I came across this question in datacamp.com:
Bellow are three scatter plots of the same point cloud. Each scatter plot shows a different set of axes (in red). In which of the plots could the axes represent the principal components of the point cloud?

Recall that the principal components are the directions along which the the data varies?

Answer: Plot 1 and 3

My question is what does the question mean? Why is plot 2 not part of the answer since the axis can be rotated to fit the point cloud.

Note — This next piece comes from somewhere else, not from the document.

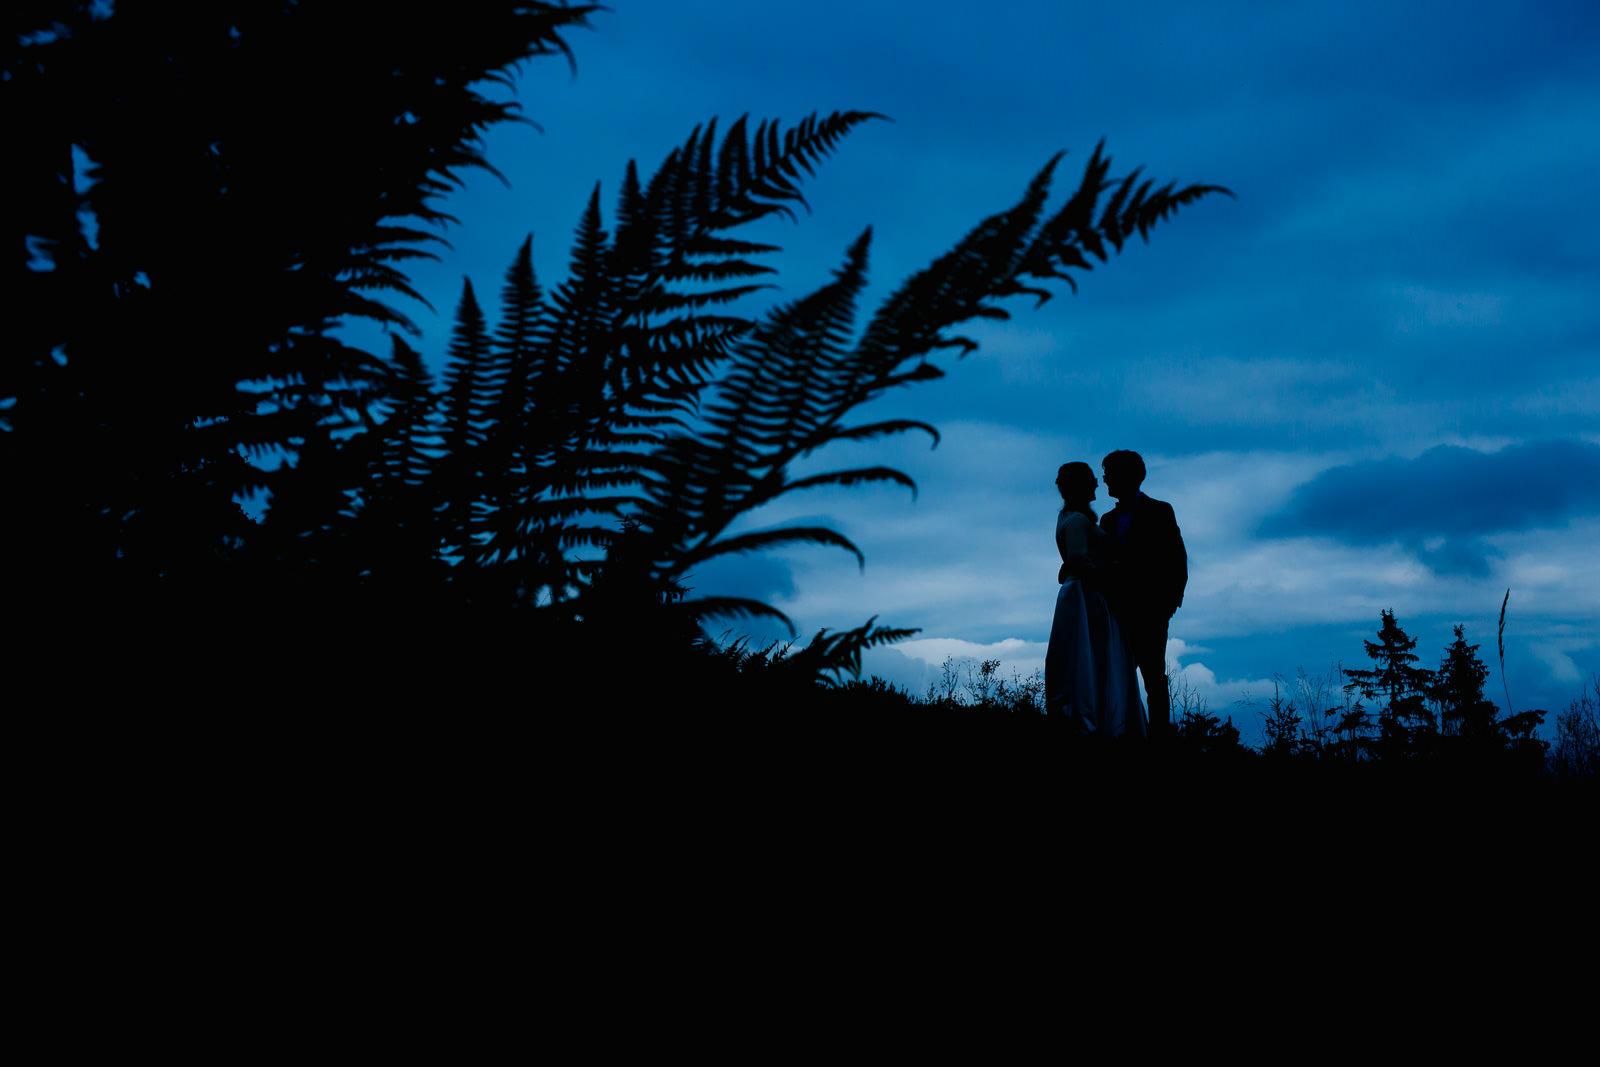 bryllupsbilde-fotograf-bryllup-jan-ivar-vik-blikkfangerne4.jpg

enter image description here


Solution

  • As suggested in the comments, this is better fit for cross validation, or possibly math.stackexchange.

    Now the answer is intuitively rather simple.

    Principal components can be obtained by an iterative process such that:

    1. The first principal component is equivalent to the linear combination a_1 %*% X which maximizes Var(a_1 %*% X) subject to t(a_1) %*% a_1 = 1
    2. The second principal component is equivalent to the linear combination a_2 %*% X which maximizes Var(a_2 %*% X) subject to t(a_2) %*% a_2 = 1 and cov(a_1 %*% X, a_2 %*% X) = 0
    3. The third -- || --

    From this definition note that var(a_1 %*% X) = var( - a_1 %*% X), and thereby the principal component is only determined up to the sign of the component.

    From this definition we can see that: 1. 1 and 3 are equivalent, as the first (longest) line is in the direction where the points are most spread (show the greatest variance) 2. The 2'nd plot cannot be the principal component as the direction does not line up with the direction of greatest variance

    Chapter 8, page 430 (ish) in Applied Multivariate Statistical Analysis contains a theoretical explanation in more detail.